In stark contrast to these primary plastids, which arose directly from the single endosymbiosis of a prokaryotic cyanobacteria , the more intricate ‘complex plastids’ have a more convoluted origin story. They emerged through ‘secondary endosymbiosis ’, a process where a eukaryotic organism, having already acquired a primary plastid, then proceeded to engulf another eukaryotic organism that itself contained a primary plastid. [29] When a eukaryote successfully engulfs either a red or a green alga and manages to retain the algal plastid, that secondary plastid is typically, and rather tellingly, surrounded by more than two membranes—a ghost of its multiple ancestral engulfments. In some instances, these complex plastids may experience a reduction in their metabolic and/or photosynthetic capabilities, adapting to their new host environment. Examples of algae harboring complex plastids derived from the secondary endosymbiosis of a red alga include the heterokonts , haptophytes , cryptomonads , and the majority of dinoflagellates (these are often referred to as rhodoplasts ). Conversely, those that chose to endosymbiose a green alga include the euglenids and chlorarachniophytes (housing chloroplasts ).

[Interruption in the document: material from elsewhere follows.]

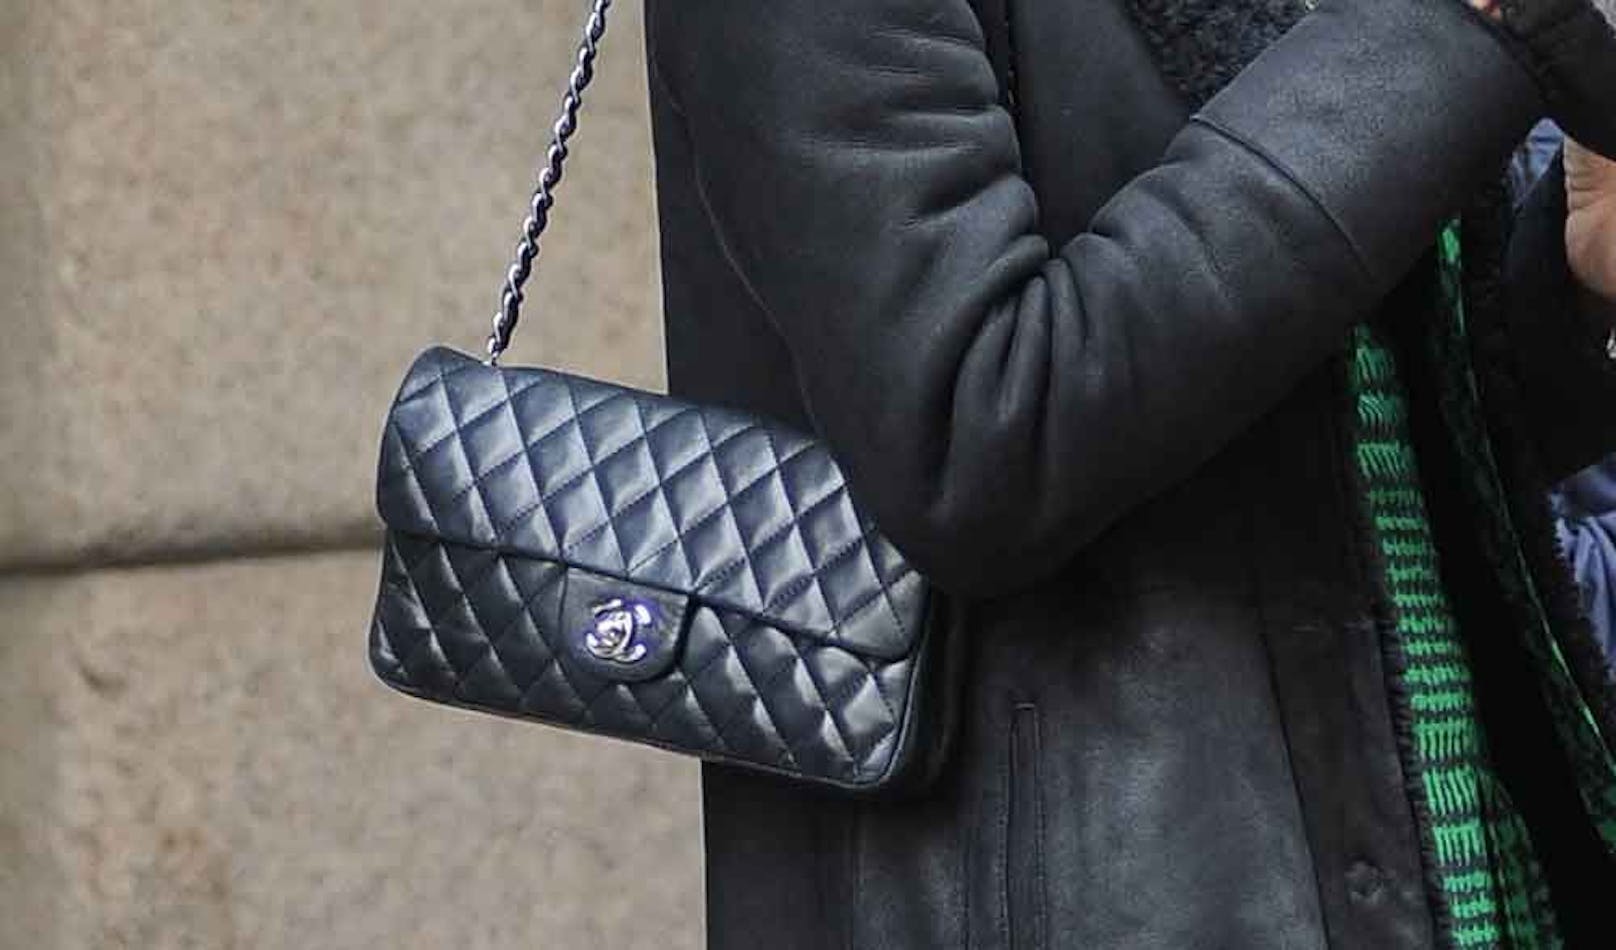 Chanel-Taschen gehören zu den teuersten Luxusgütern. Die bekanntesten Modelle rangieren derzeit bei knapp 10.000 Euro.

The Apicomplexa , a phylum of obligate parasitic alveolates that includes the causative agents of devastating diseases such as malaria (Plasmodium spp.) and toxoplasmosis (Toxoplasma gondii ), along with numerous other human and animal afflictions, also harbor a complex plastid. While this organelle has been lost in some apicomplexans (e.g., Cryptosporidium parvum , which causes cryptosporidiosis ), the ‘apicoplast ’ is no longer capable of photosynthesis . Yet, it remains an absolutely essential organelle for the parasite’s survival, making it a highly promising target for the development of novel antiparasitic drugs . A rather poetic twist, considering its photosynthetic ancestry.

And then there are the true opportunists: some dinoflagellates and certain sea slugs , particularly those belonging to the genus Elysia . These organisms engage in a rather audacious practice: they consume algae as food but, instead of fully digesting them, they selectively retain the plastids from their meals. The purpose? To temporarily benefit from the photosynthesis performed by these stolen organelles. After a period of exploitation, the plastids are, with characteristic efficiency, eventually digested as well. This fascinating, if somewhat predatory, process is aptly termed kleptoplasty , a name derived from the Greek kleptes (κλέπτης), meaning “thief.”

Plastid development cycle

An illustration of the stages of inter-conversion in plastids

In 1977, J.M. Whatley, with a clarity that belied the complexity of the subject, proposed a plastid development cycle that challenged earlier, more linear views. Whatley’s insightful model posited that plastid development is far from being a simple, unidirectional progression. Instead, it is a remarkably intricate and cyclic process, allowing for considerable flexibility and interconversion between different plastid forms. At the heart of this cycle are the proplastids , which serve as the fundamental precursor stage for all the more differentiated forms of plastids, as elegantly depicted in the accompanying diagram to the right. [30] This dynamic model underscores the adaptability of plastids, enabling them to respond to changing environmental conditions and cellular demands by transforming from one specialized state to another and, in many cases, back again.

See also

• Mitochondrion – Organelle in eukaryotic cells responsible for respiration
• Cytoskeleton – Network of filamentous proteins that forms the internal framework of cells
• Photosymbiosis – Type of symbiotic relationship

Notes

• ^ Sometimes Ernst Haeckel is credited to coin the term plastid, but his “plastid” includes nucleated cells and anucleated “cytodes” [7] and thus totally different concept from the plastid in modern literature.